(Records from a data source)
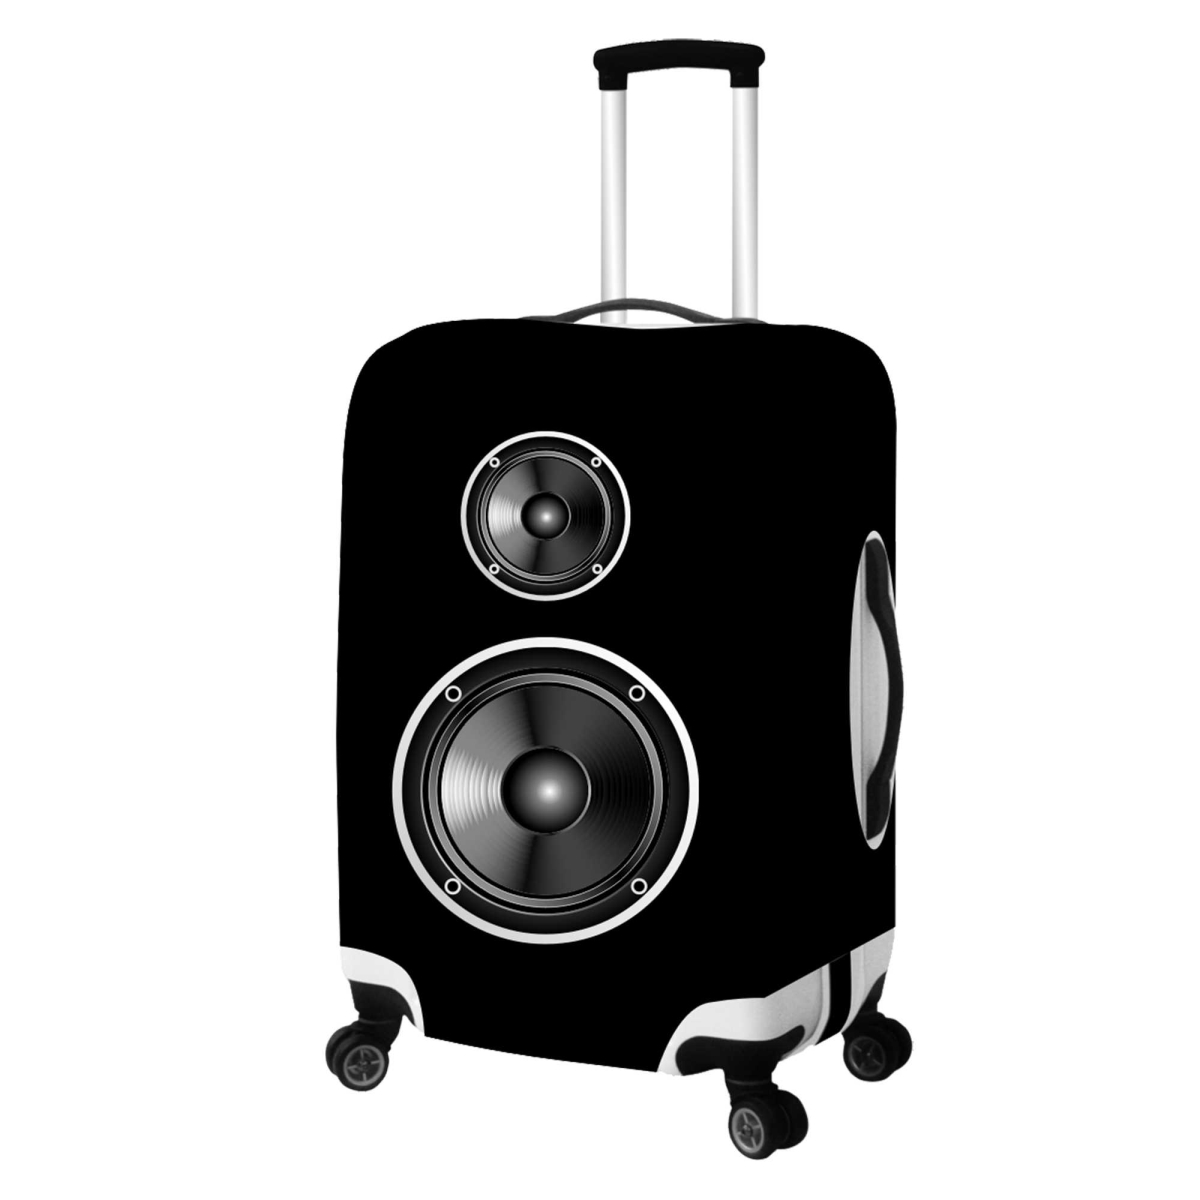 Speaker-primeware Luggage Cover - Small
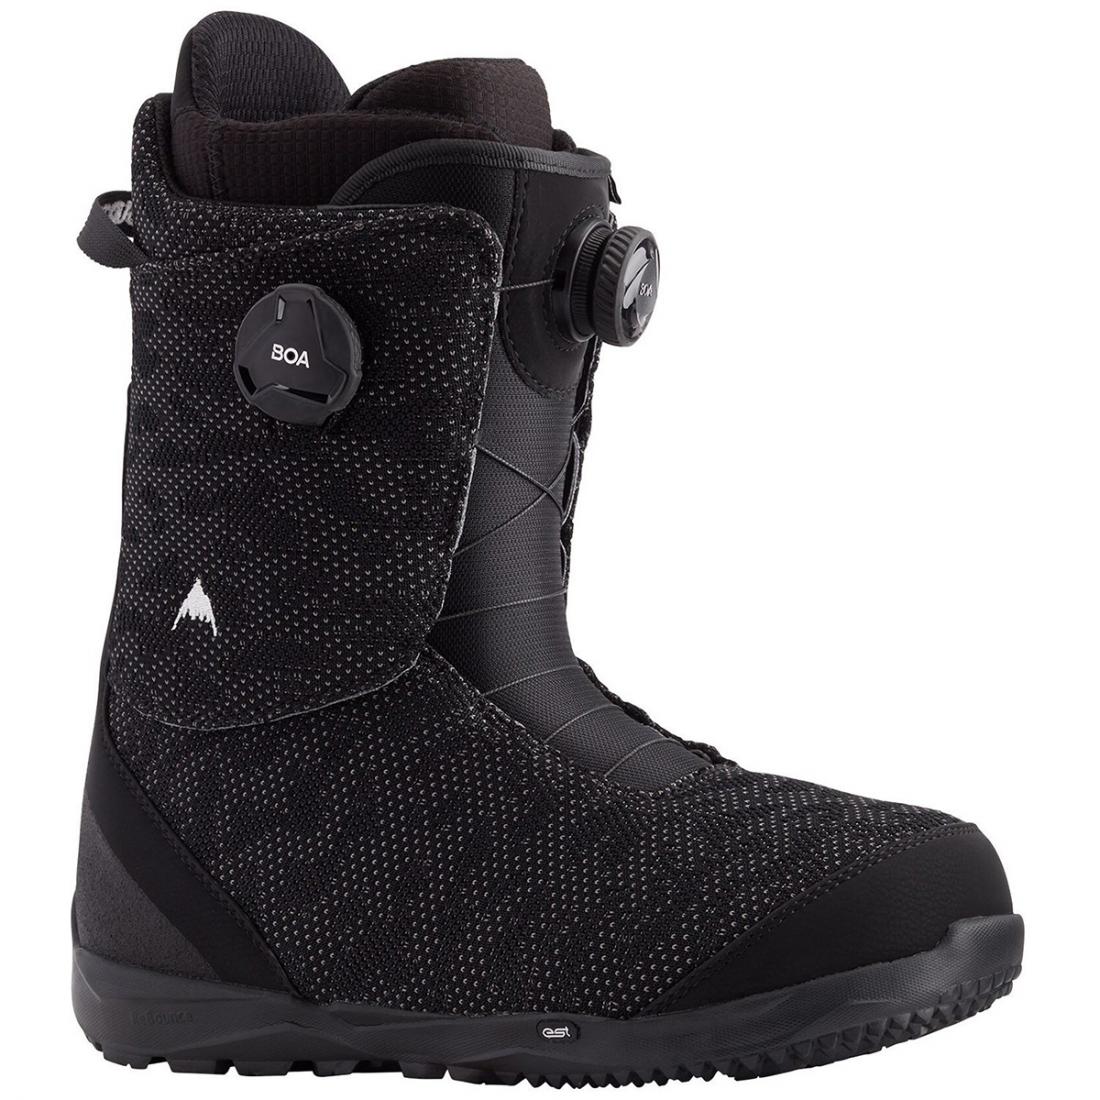 Ботинки для сноуборда Burton Swath BOA Burton, цвет черный 1, размер 8
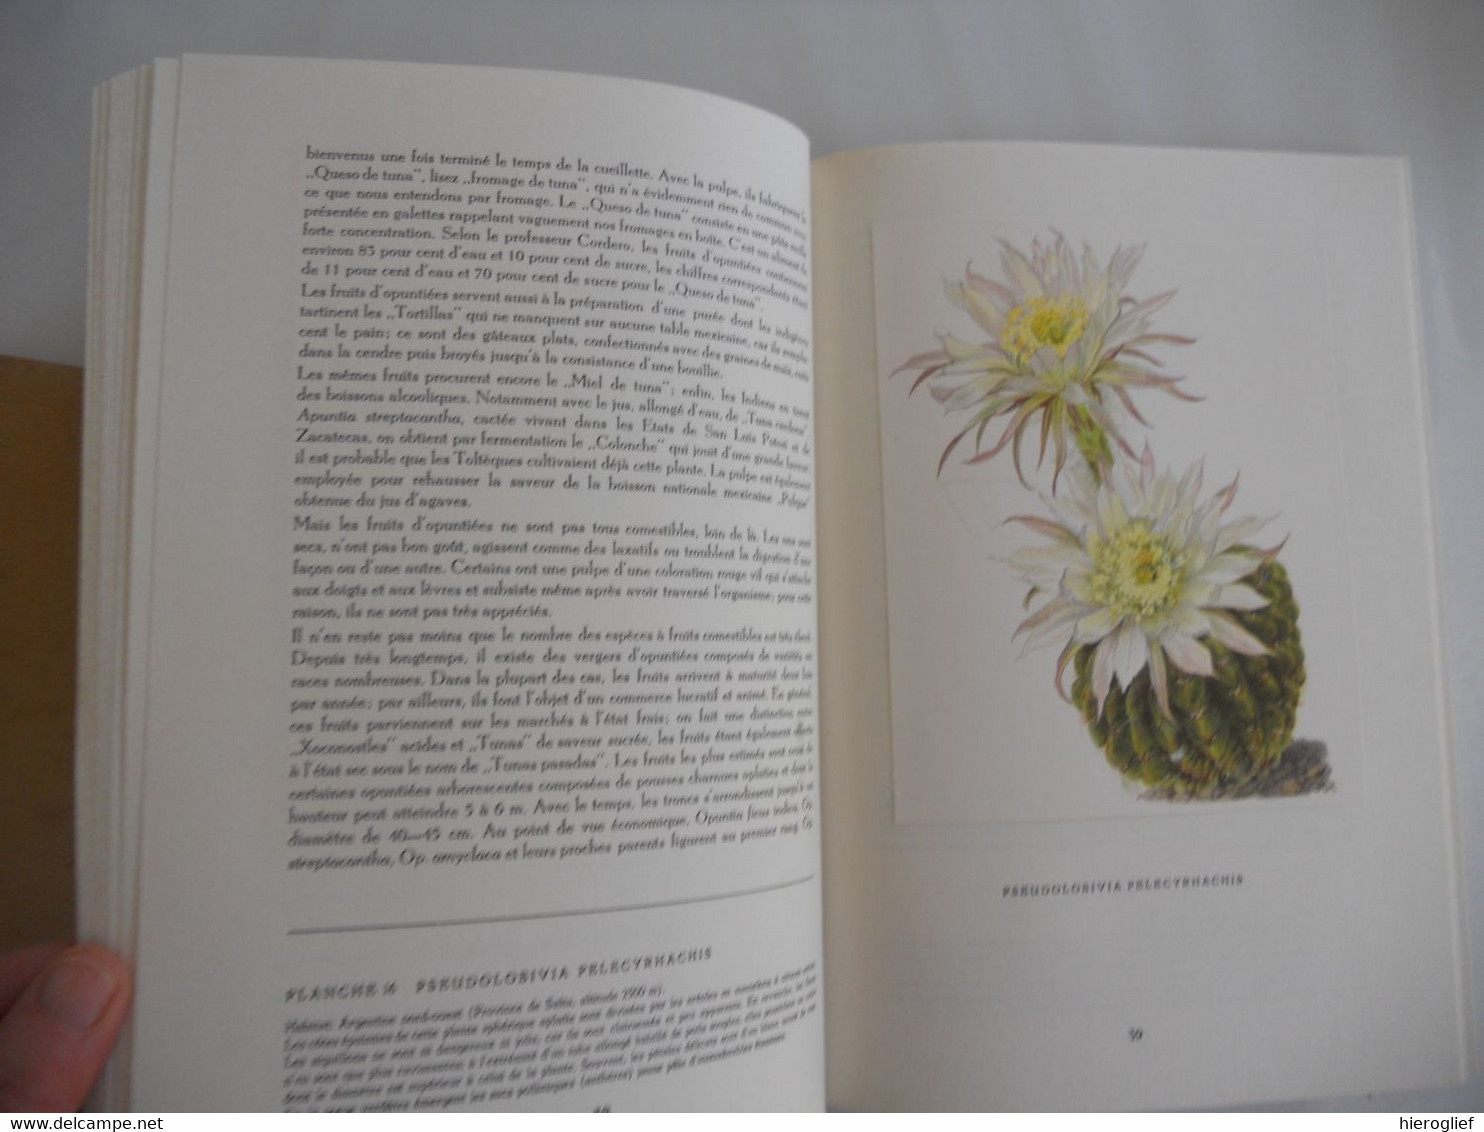 Artis album Les Cactus + 60 images complèt édition française 1955 cactées fleurs utilité aiguillons fruits semancesz
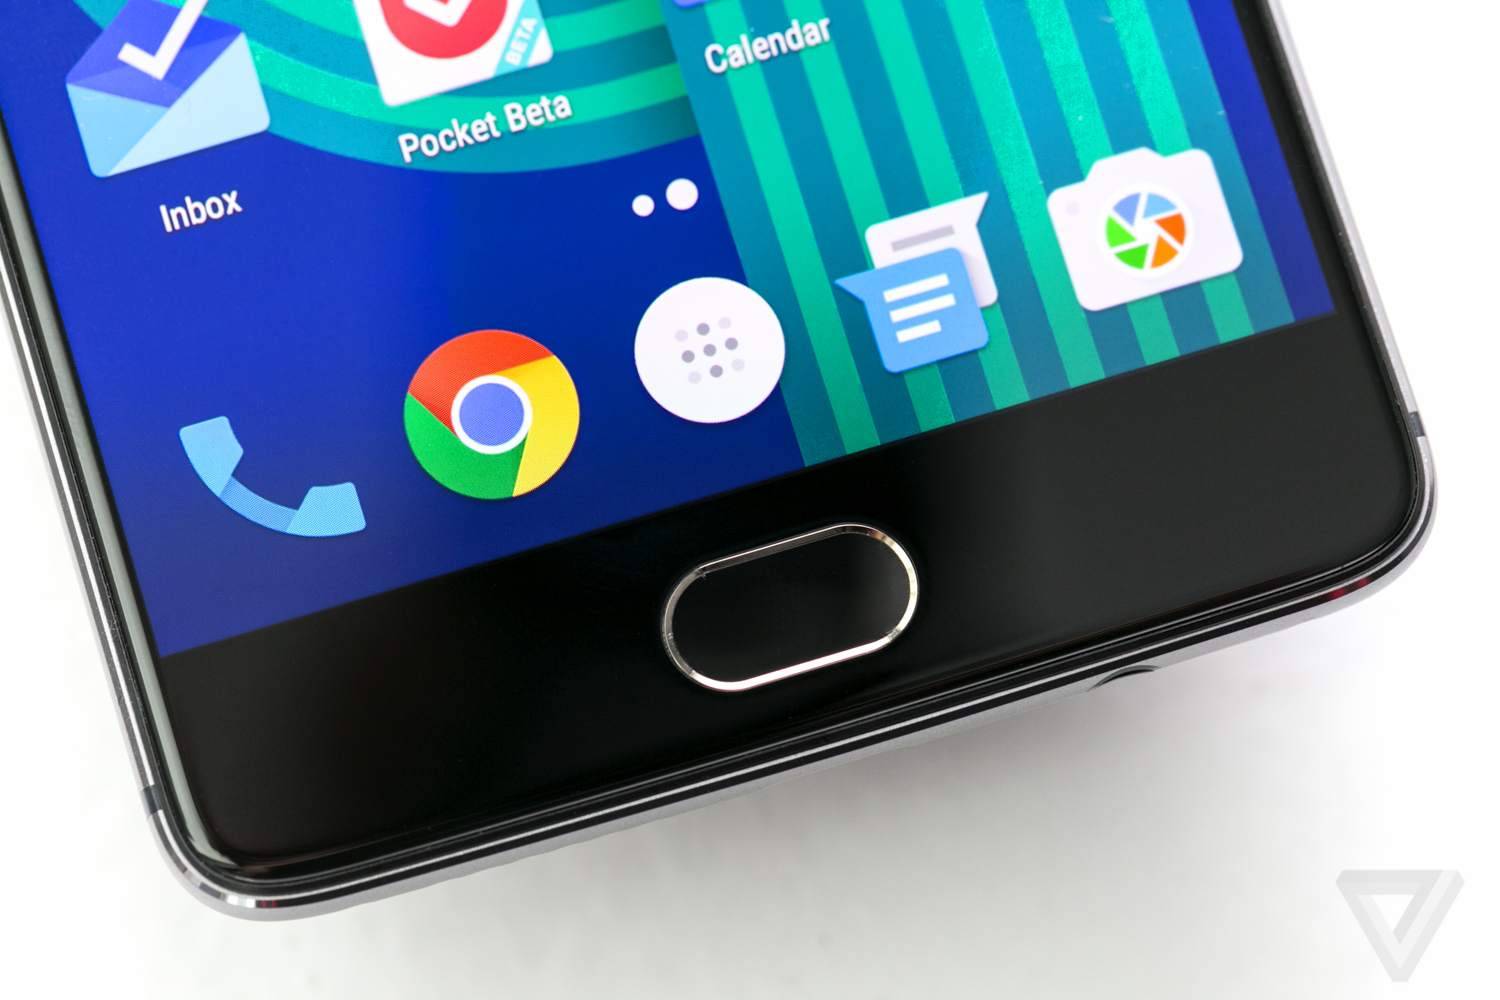 OnePlus 3, smartphone, terbaru, 2016, android, HP, spesifikasi dan harga oneplus 3
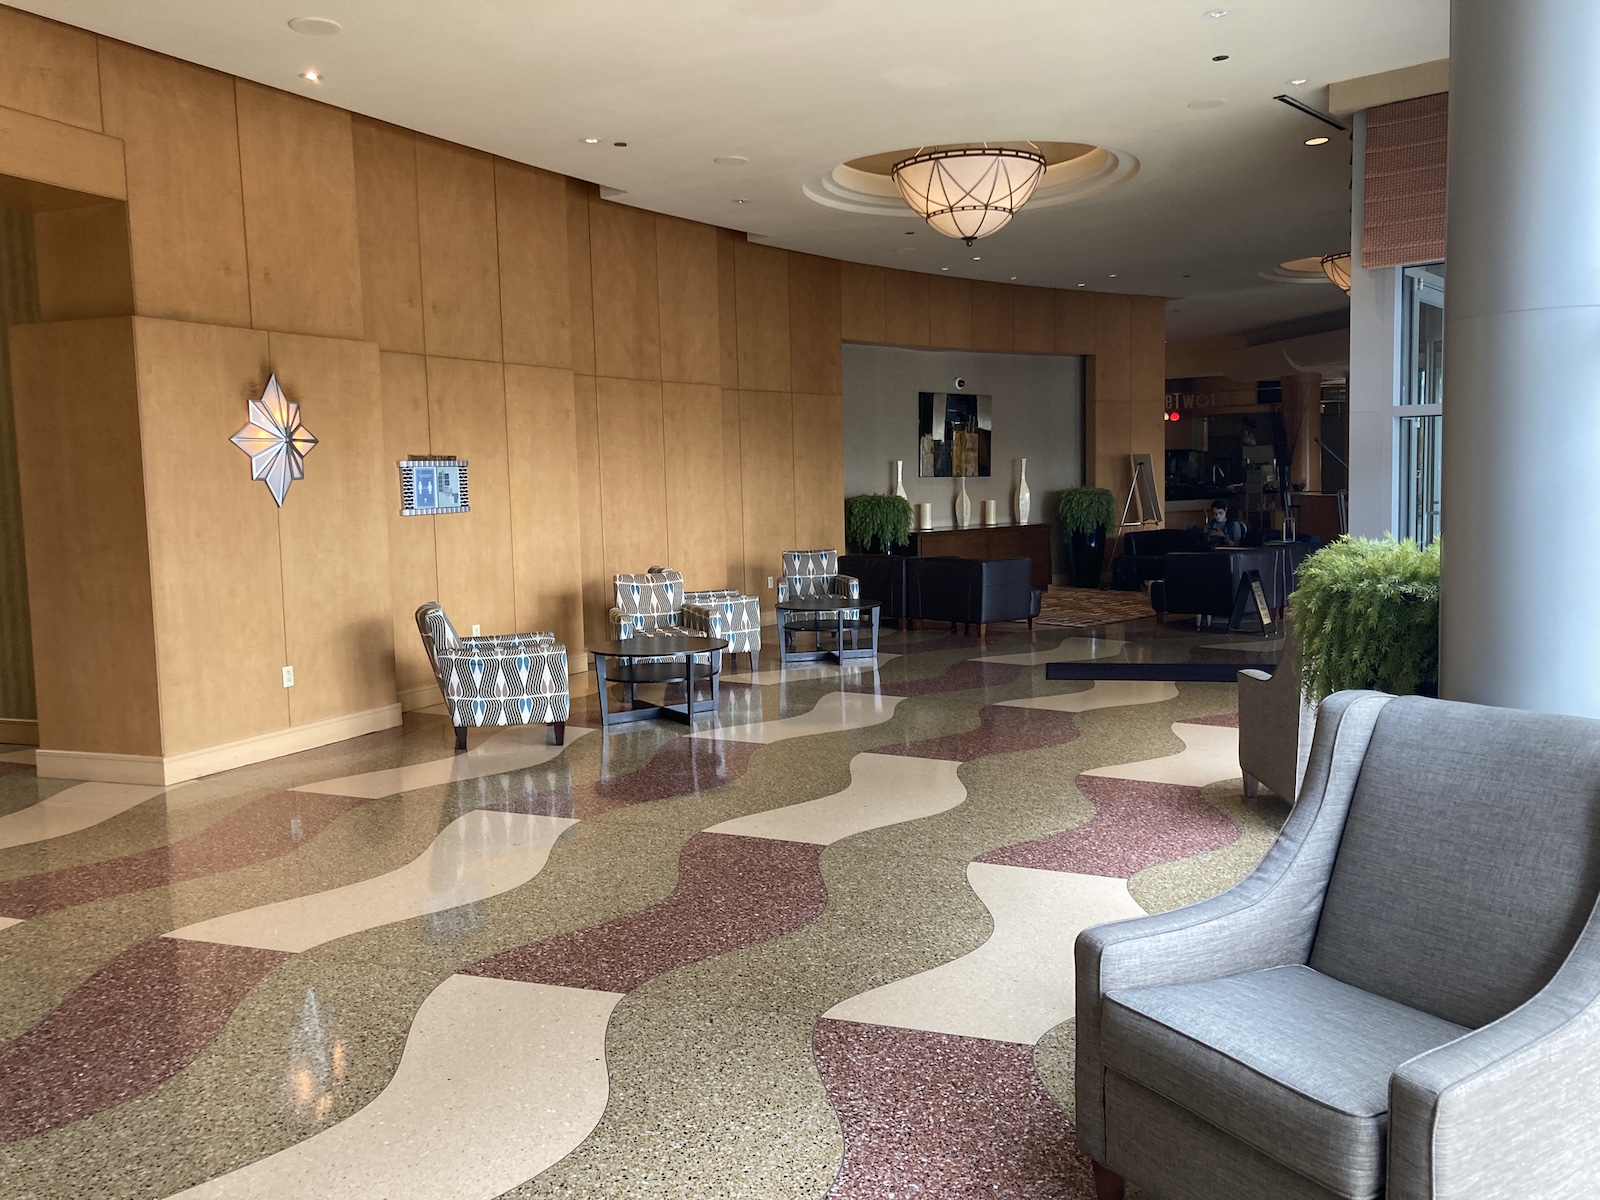 Hyatt Rosemont Review – Decent Hotel Near Chicago O’Hare

EXERCISE DESCRIPTION
All lines after and including the one with "Artis album Les", through the end of the entries above, should be output exactly and by themselves. The pictures are to be left out.

OUTPUT FOR THIS EXERCISE
 Artis album Les Cactus + 60 images complèt édition française 1955 cactées fleurs utilité aiguillons fruits semancesz
 OnePlus 3, smartphone, terbaru, 2016, android, HP, spesifikasi dan harga oneplus 3
 Hyatt Rosemont Review – Decent Hotel Near Chicago O’Hare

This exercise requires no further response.